» Problem requirements:
This exercise asks for a copy of each line in the records below with the word "Images" in it.

---+---

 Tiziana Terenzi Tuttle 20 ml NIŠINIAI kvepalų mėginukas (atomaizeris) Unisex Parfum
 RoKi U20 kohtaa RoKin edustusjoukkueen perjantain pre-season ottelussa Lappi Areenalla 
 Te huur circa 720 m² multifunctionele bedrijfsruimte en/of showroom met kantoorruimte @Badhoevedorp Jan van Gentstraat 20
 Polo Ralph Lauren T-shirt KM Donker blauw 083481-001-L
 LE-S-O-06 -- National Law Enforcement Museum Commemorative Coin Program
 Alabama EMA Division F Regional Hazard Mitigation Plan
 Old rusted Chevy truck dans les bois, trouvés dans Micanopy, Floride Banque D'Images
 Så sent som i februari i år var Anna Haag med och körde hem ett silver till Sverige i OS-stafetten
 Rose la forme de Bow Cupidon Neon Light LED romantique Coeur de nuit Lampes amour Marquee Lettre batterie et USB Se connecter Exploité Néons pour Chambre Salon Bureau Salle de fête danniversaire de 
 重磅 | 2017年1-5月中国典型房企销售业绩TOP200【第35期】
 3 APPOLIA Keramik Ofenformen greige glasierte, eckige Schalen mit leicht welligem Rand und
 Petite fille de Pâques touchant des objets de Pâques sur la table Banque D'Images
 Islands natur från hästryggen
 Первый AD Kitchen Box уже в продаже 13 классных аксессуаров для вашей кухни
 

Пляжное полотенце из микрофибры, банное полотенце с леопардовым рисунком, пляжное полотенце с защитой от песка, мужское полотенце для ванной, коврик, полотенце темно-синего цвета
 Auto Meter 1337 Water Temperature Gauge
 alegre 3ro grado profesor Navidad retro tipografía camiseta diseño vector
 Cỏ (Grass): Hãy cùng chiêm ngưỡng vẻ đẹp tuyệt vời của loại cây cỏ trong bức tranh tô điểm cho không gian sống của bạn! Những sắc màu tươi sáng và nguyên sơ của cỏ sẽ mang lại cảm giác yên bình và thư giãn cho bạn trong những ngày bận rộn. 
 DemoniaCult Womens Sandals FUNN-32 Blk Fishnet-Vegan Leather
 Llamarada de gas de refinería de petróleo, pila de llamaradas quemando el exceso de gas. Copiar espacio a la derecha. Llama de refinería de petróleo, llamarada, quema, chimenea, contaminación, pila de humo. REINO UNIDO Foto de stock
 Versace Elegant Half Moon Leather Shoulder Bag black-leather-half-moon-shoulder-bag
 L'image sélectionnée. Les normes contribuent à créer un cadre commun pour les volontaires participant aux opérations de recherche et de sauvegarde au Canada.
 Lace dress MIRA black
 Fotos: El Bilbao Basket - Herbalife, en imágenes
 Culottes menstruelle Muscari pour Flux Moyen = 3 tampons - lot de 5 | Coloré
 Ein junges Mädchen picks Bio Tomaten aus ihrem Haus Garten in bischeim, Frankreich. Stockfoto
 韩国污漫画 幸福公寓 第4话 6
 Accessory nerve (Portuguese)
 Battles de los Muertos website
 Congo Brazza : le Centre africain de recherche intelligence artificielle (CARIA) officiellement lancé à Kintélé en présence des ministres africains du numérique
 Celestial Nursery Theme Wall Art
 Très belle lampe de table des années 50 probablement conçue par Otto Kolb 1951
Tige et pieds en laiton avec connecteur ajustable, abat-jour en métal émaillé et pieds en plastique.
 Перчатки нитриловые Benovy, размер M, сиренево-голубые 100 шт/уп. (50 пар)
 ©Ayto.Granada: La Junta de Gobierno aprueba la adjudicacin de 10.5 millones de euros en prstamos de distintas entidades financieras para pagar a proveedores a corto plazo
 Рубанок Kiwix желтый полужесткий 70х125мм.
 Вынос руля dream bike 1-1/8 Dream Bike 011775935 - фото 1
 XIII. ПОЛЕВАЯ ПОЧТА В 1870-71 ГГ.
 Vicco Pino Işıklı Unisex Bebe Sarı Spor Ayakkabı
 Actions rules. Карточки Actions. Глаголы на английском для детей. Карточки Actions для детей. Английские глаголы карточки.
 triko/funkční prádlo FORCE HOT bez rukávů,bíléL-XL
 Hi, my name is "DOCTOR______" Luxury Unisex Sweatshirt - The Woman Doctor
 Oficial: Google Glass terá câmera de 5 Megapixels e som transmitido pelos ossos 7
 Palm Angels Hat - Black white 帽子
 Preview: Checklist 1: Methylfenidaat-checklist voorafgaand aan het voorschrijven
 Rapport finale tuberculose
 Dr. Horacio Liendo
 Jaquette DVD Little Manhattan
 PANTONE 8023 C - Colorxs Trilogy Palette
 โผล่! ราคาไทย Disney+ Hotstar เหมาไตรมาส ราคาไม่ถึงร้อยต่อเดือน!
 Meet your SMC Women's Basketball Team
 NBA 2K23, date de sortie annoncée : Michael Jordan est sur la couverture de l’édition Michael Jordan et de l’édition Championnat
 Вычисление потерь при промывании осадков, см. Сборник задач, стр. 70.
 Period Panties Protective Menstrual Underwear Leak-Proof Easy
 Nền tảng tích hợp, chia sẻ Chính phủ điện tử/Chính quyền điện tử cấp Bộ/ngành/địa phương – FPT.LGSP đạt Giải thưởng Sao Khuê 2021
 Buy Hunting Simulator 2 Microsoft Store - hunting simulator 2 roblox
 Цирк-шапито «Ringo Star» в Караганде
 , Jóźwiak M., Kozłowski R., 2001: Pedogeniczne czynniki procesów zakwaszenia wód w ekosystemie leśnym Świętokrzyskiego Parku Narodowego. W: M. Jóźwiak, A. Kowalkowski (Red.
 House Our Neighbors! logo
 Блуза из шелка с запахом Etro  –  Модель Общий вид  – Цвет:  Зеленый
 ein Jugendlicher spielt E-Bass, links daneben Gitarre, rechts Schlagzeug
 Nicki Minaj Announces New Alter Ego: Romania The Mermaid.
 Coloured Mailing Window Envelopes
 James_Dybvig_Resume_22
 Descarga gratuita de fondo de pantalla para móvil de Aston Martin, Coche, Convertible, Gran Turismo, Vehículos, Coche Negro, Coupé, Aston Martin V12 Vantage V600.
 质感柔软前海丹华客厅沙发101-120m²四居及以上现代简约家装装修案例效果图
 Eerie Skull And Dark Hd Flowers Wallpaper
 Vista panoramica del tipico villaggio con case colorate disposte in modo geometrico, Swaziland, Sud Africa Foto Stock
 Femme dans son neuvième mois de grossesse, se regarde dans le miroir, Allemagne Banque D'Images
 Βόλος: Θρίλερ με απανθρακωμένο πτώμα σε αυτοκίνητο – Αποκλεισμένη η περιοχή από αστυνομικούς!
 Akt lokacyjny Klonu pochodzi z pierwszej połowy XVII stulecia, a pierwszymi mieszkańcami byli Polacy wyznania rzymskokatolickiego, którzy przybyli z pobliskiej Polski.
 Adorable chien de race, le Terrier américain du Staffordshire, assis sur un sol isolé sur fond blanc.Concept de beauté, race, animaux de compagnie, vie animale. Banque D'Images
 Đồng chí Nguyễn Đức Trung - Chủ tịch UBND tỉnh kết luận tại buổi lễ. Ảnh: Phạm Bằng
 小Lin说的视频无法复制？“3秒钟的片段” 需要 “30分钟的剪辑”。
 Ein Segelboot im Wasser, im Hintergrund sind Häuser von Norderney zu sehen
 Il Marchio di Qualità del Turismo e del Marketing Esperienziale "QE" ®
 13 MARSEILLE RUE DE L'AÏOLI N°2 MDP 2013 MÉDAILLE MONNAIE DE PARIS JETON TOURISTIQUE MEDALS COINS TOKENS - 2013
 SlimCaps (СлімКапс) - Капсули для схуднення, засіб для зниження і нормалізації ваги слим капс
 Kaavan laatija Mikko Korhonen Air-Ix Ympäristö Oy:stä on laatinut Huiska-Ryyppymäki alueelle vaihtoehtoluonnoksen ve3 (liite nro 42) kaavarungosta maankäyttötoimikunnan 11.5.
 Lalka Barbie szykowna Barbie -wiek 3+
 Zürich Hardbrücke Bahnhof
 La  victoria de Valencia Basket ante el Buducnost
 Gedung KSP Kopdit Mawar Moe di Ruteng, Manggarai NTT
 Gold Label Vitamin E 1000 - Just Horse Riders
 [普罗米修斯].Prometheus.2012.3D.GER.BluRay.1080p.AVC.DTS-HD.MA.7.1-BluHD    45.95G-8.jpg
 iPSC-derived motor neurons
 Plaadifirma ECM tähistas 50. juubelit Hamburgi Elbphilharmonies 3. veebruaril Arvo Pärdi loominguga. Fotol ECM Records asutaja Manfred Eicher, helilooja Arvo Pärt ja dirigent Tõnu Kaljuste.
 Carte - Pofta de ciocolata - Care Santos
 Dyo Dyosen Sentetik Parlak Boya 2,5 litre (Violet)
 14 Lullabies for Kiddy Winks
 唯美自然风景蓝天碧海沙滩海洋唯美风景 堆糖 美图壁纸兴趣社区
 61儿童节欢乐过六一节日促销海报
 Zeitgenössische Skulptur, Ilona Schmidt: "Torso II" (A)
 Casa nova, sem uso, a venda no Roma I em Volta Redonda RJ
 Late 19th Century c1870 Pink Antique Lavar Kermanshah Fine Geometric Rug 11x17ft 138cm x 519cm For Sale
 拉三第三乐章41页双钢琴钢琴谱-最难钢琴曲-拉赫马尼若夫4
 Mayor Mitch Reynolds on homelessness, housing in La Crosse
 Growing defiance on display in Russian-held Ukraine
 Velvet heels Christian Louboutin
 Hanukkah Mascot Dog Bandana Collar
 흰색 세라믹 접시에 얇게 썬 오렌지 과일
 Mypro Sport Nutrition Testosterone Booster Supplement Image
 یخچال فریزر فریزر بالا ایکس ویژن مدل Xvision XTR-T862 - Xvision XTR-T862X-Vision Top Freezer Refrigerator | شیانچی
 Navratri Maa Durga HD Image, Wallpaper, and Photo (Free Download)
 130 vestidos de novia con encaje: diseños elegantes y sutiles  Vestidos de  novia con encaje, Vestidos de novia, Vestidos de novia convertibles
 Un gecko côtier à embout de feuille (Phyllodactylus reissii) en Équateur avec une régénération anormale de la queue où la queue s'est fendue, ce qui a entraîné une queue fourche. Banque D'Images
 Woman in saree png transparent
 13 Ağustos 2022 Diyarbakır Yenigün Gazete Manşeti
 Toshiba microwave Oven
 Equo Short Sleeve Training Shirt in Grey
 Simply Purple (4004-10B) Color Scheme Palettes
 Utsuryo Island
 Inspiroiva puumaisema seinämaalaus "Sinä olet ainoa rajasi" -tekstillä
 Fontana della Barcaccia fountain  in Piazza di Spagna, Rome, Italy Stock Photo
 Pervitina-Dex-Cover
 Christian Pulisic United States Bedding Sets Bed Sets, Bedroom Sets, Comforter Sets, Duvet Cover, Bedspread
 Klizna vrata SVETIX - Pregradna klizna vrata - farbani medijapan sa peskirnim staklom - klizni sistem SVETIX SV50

---+---

» Result for this task:
 Old rusted Chevy truck dans les bois, trouvés dans Micanopy, Floride Banque D'Images
 Petite fille de Pâques touchant des objets de Pâques sur la table Banque D'Images
 Femme dans son neuvième mois de grossesse, se regarde dans le miroir, Allemagne Banque D'Images
 Adorable chien de race, le Terrier américain du Staffordshire, assis sur un sol isolé sur fond blanc.Concept de beauté, race, animaux de compagnie, vie animale. Banque D'Images
 Un gecko côtier à embout de feuille (Phyllodactylus reissii) en Équateur avec une régénération anormale de la queue où la queue s'est fendue, ce qui a entraîné une queue fourche. Banque D'Images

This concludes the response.